Maloof hand-made every one of the more than 5,000 or so pieces that came out of his studio in Alta Loma, California. According to, a curator of the the museum's, the artist had a few assistants over the years, but he did all the major work himself. He made chairs that seem as alive and organic as the wood he used to make them.

In 1985, Maloof became the first craftsman to be with a MacArthur “genius” Grant, a signal honor, but on his business card he referred to himself simply as “Woodworker.” And now honoring the centennial of the artist’s birth, the, a museum in Alta Loma, is featuring more than 60 objects including furniture, drawings, photographs and other ephemera from the artist’s storied career. The in Washington, D.C., in collaboration with the Maloof Foundation, will host a one-day symposium, September 16, 2016, to examine furniture design and production in light of changes brought about by the digital age. A centennial celebration of the renowned craftsman is underway at the Sam and Alfreda Maloof Foundation of Arts and Crafts in Alta Loma, California. (Maloof Foundation) Maloof in 1916 in Chino, California, to parents who were immigrants from Lebanon. He took his first woodworking classes at Chafee High School in Ontario, and began to make furniture when he and his wife bought a house but lacked the money to buy furniture. So, as is so often the case, the mother of his first inventions was necessity.

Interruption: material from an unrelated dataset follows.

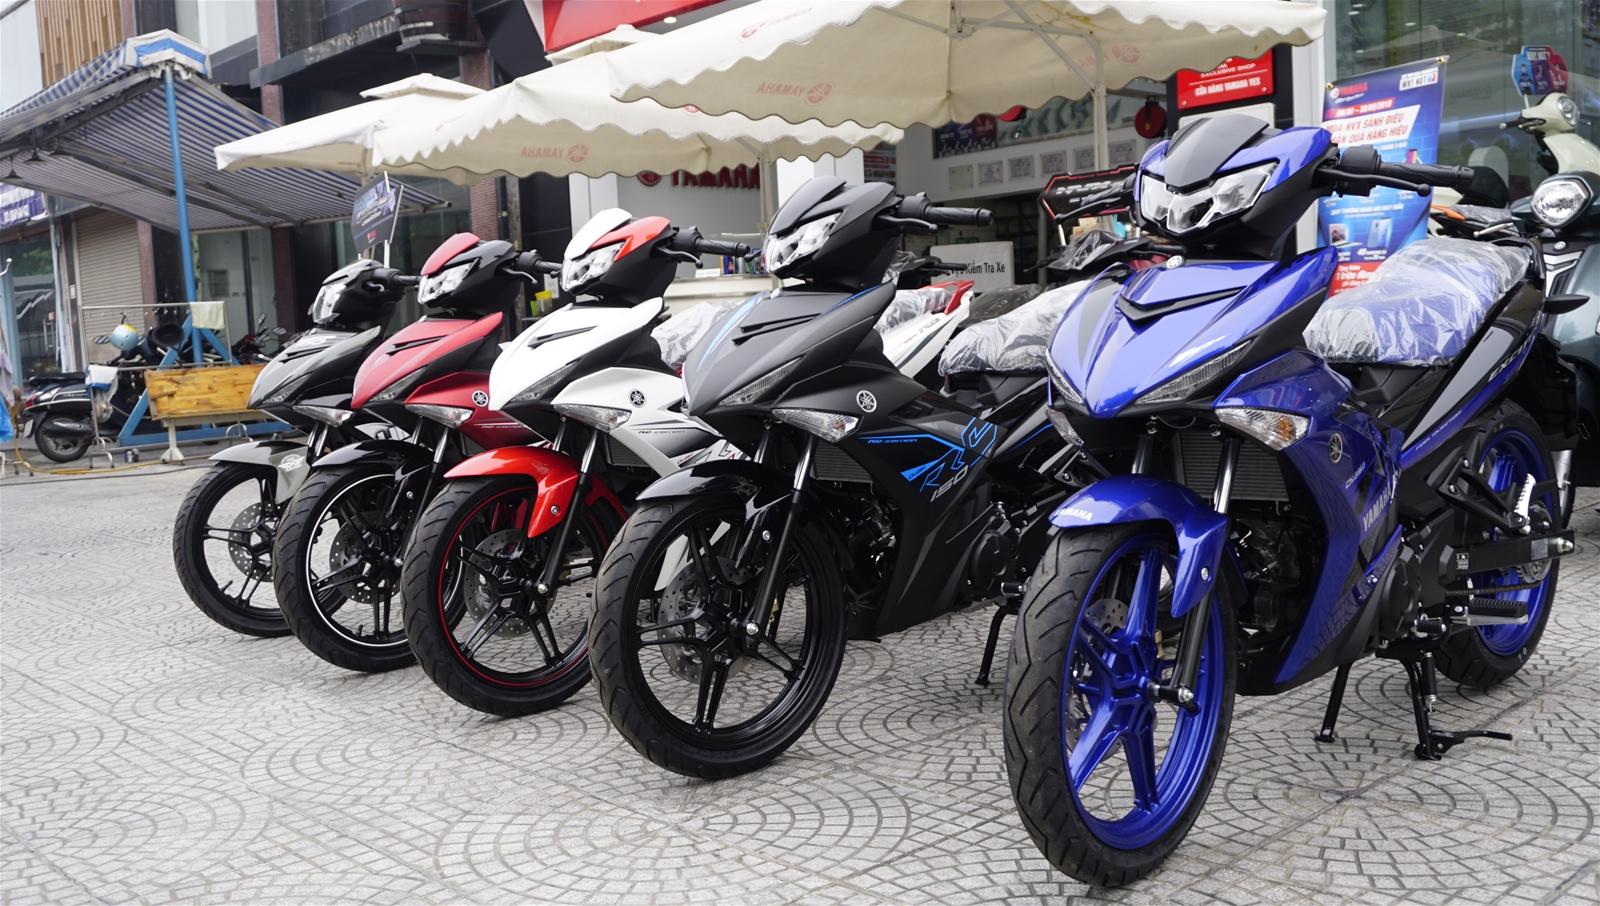 Bảng giá xe máy Yamaha cập nhật tháng 7/2020

For the pieces he made for his home, his raw materials were discarded plywood and packing crates, not a woodworker’s dream material, but plentiful and free. From the beginning, Maloof learned as he went along, by doing. As he said when he was a well-established master furniture maker, “Many times, I do not know how a certain area is to be done until I start working with a chisel, rasp, or whatever tool is needed for a particular job.” His pieces for his own house appealed to friends who visited, and soon Maloof was being asked to replicate them for sale to people he knew. Then came a request from, the renowned industrial designer who gave shape to such iconographic household appliances as the Singer sewing machine and the Hoover vacuum cleaner.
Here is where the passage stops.